Before: Saad, P.J., and Owens and Cooper, JJ.
PER CURIAM.
A jury convicted defendant of assault with intent to commit great bodily harm less than
murder, MCL 750.84. Defendant was sentenced as a fourth-degree habitual offender, MCL
769.12, to 90 to 300 months’ imprisonment. Defendant appeals as of right. We affirm.

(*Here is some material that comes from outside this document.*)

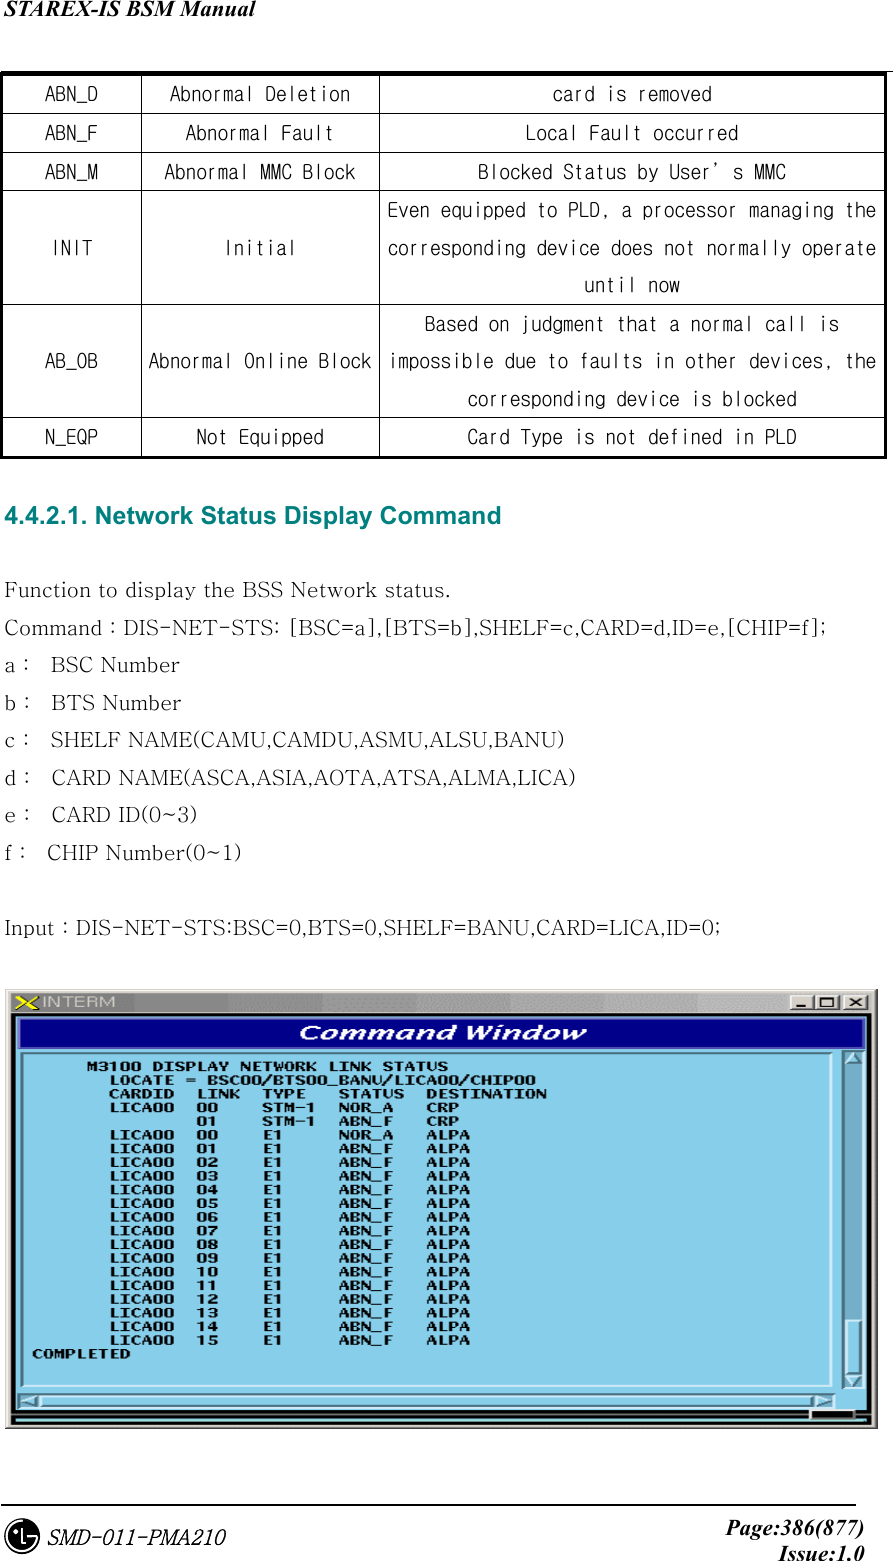 STAREX-IS BSM Manual     Page:386(877)Issue:1.0SMD-011-PMA210 ABN_D  Abnormal Deletion  card is removed ABN_F  Abnormal Fault  Local Fault occurred ABN_M  Abnormal MMC Block  Blocked Status by User’s MMC  INIT  Initial Even equipped to PLD, a processor managing the corresponding device does not normally operate until now AB_OB  Abnormal Online Block Based on judgment that a normal call is impossible due to faults in other devices, the corresponding device is blocked  N_EQP  Not Equipped  Card Type is not defined in PLD  4.4.2.1. Network Status Display Command  Function to display the BSS Network status. Command : DIS-NET-STS: [BSC=a],[BTS=b],SHELF=c,CARD=d,ID=e,[CHIP=f]; a :  BSC Number b :    BTS Number c :    SHELF NAME(CAMU,CAMDU,ASMU,ALSU,BANU) d :    CARD NAME(ASCA,ASIA,AOTA,ATSA,ALMA,LICA) e :    CARD ID(0~3) f :    CHIP Number(0~1)  Input : DIS-NET-STS:BSC=0,BTS=0,SHELF=BANU,CARD=LICA,ID=0;

Defendant contends that the trial court impermissibly limited his cross-examination of the
complainant by erroneously applying the rape shield law, MCL 750.520j; thereby, limiting
questions regarding an alleged prior sexual assault committed by the complainant against
defendant’s sister. Defendant claims that this evidence was properly admissible under MRE
404(a)(2) and MRE 404(b) to show complainant’s motive to fabricate the allegations because the
complainant was the aggressor. Defendant argues that he was denied his right to confrontation
and the ability to present testimony favorable to his theory of the case. We disagree.
This appeal arises out of the following colloquy that occurred while defendant,
proceeding in propria persona, was cross-examining the complainant:
Q. Mr. Peters, is it – is it true that when I entered your house that I wanted to
have a conversation with you about making up to you for molesting my sister?
MR. McQUISIC:
I’m going to object, Your Honor.
THE COURT:
Approach the bench. (bench discussion) The Court
strikes the last question and instructs the jury to
disregard it.
Defendant later testified that his purpose for going to the complainant’s house was to “reconcile”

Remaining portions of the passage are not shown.